Revolutionary Socialism in the 21st Century
 
Revolutionary
Socialism in the
21st Century

Interview: Spies, surveillance and Cambridgeshire police

Amy Gilligan

Cambridgeshire police tried to recruit an activist to spy on Unite Against Fascism, UK Uncut and Cambridge Defend Education, according to video evidence which came to light in November last year. Three more have come forward since then to say police tried to involve them in spying. Jamie Sharp* spoke to Amy Gilligan about these attacks on the right to protest.

rs21: Cambridgeshire police arrest people frequently on demos. They seem to enjoy it. Is this a Cambridgeshire phenomenon or more widespread?

JS: Surely it is more widespread. This government uses aggressive, violent, murderous policing. I just read this article that talks about how this government is trying to teach us that all-out social oppression is the status quo. It is on budget day that Boris Johnson tells us that he is buying water cannons.

The Millbank protest, or really the heavily policed protests at the University of Sussex occupations in 2010, these were the beginning of a practical political education for many students. Of course plenty of those students would have already had a radical understanding of history, but 2010 gave them actual experiences of the modus operandi of the police: physical brutality, opportunistic distortion of the law, divisive targeting of individuals, destruction of evidence, bribery, the list goes on.

After the last few years of withering Tory rule and police repression, the invasive actions of a provincial force like the Cambridgeshire police should come as no surprise. But those actions should be formally contested as the human rights violations that they are, and should be used by us as an incentive to pick up the pace and intensify our struggle.
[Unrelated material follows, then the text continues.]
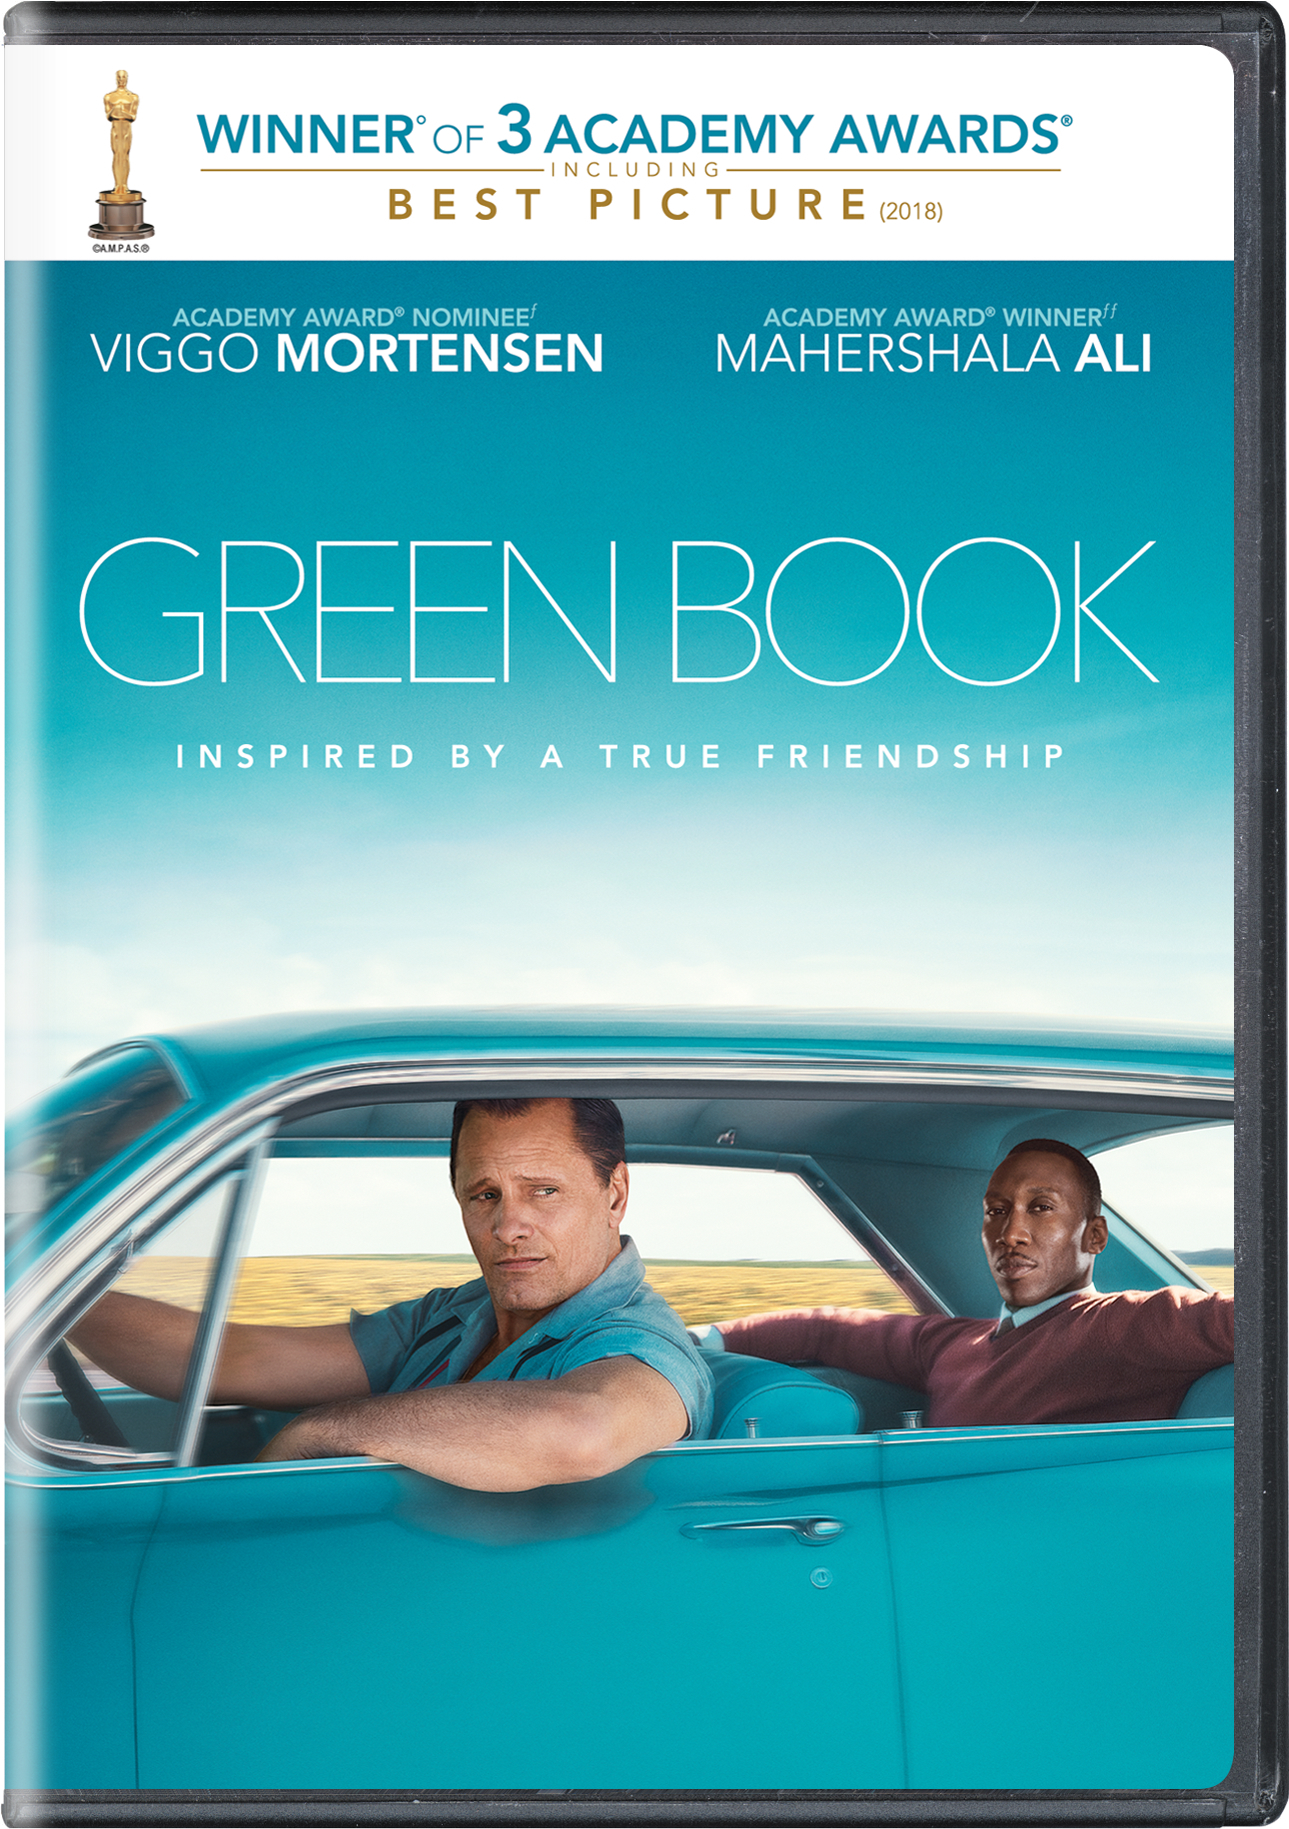 Green Book - DVD [ 2018 ]  - Drama Movies On DVD - Movies On GRUV
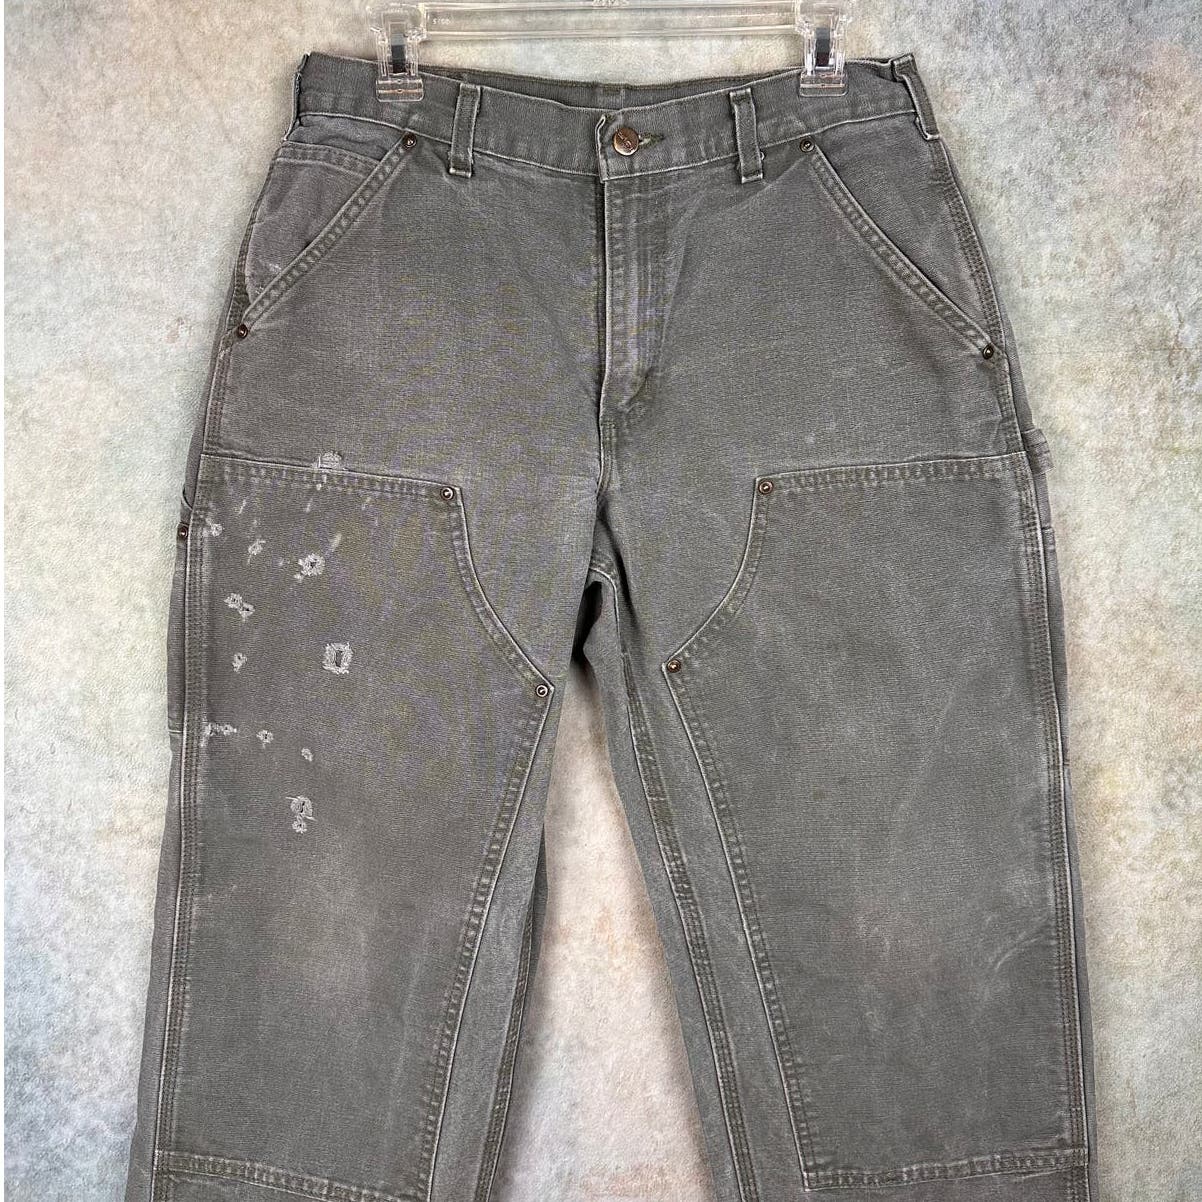 Vintage Carhartt Double Knee Work Wear Pants 32x30

rs21: The police asked to spy on quite a range of groups. We’ve also seen mass arrests on protests, for example anti-fascists on Whitehall and in Tower Hamlets last year. Why this range of surveillance and why this scale of arrests?

JS: Well they obviously want information. Even if they know the charges will be dropped, arrests give them names, mugshots, fingerprints, any incidental information an activist might let slip. Furthermore, repressive police tactics of all kinds, like mass kettling or the recruitment of spies, do more than produce information. They are a strategic deterrent from participation in political struggle.

I remember a cop in riot gear, as protesters were gathering on 9 December 2010 for what was about to kick off into the Battle of Parliament Square, telling me that we shouldn’t be there protesting, as if we had no claim to the right, to say nothing of the responsibility, to gather outside the building where that vote was going on, right there while it was happening, demanding our rights. It was clearly their intention to kick the shit out of us that night (just as the ConDems were inside raising fees and devouring the EMA for dessert), to kick the shit out of the teenagers who came with their school groups from all over the country, and in doing so to divide us from our future commitment to fighting the policies of this government.

Even if the Cambridgeshire police didn’t win a recruit from the four of us who we know that the police have approached, the cops were successful at sowing dissension, making us paranoid of ourselves and our comrades. That’s why it’s important to speak up, and make it known that the police are denying your right to protest.

rs21: Cambridge University refused to condemn the police for trying to spy on students, saying it was a police matter. They’ve also gone after student protesters, for example Owen Holland. How does police spying on students relate to wider changes at universities today?

JS: The privatisation of universities has certainly made them a more alienating place in which to study and to live. A lot of my student activist comrades don’t really feel that we have a place at the university. This is partly because the university has offered us no protection from the police.

Universities are being sterilised into training grounds for antisocial corporate obscurity. Activism hasn’t yet been eradicated, but the social means with which we have been trying to fight the growth and consolidation of capitalism are definitely being criminalised.

The #copsoffcampus demos last December seemed to be important for resisting the fear with which the police and the state are trying to discipline student populations. So it was a clear betrayal when, just days after those protests, the Cambridge University Students’ Union invited the Cambridgeshire police to talk to students. In the same way that students shut down David Willetts when he visited Cambridge in 2011, CUSU should have sent the police a clear invitation not to step foot on University grounds.

rs21: The police lied to those they tried to recruit as spies, threatening to prosecute a woman involved in UAF if she told anyone about the attempt to recruit her. Should others approached by the police come forward?

JS: What the police said to that woman is completely despicable. It’s really important that her story is finally coming out. The actions taken by the Cambridgeshire police are human rights violations, specifically violating Article 8 of the Human Rights Act of 1998. Unfortunately the statute of limitations for human rights violations is only one year. So not only is it important to speak up if you are being or have been approached by the police, but it’s important to speak up and come forward quickly. You only have one year in which to make a complaint to the Independent Police Complaints Commission, though missing the arbitrary one-year window shouldn’t stop anyone from coming forward.

Don’t let being approached by the police divide you from your comrades, or alienate you from your struggle. If the police approach you, it is a reflection of your strength and their weakness. And no matter how much money they have to offer, remember that their function is to divide the most vulnerable people from their common interest.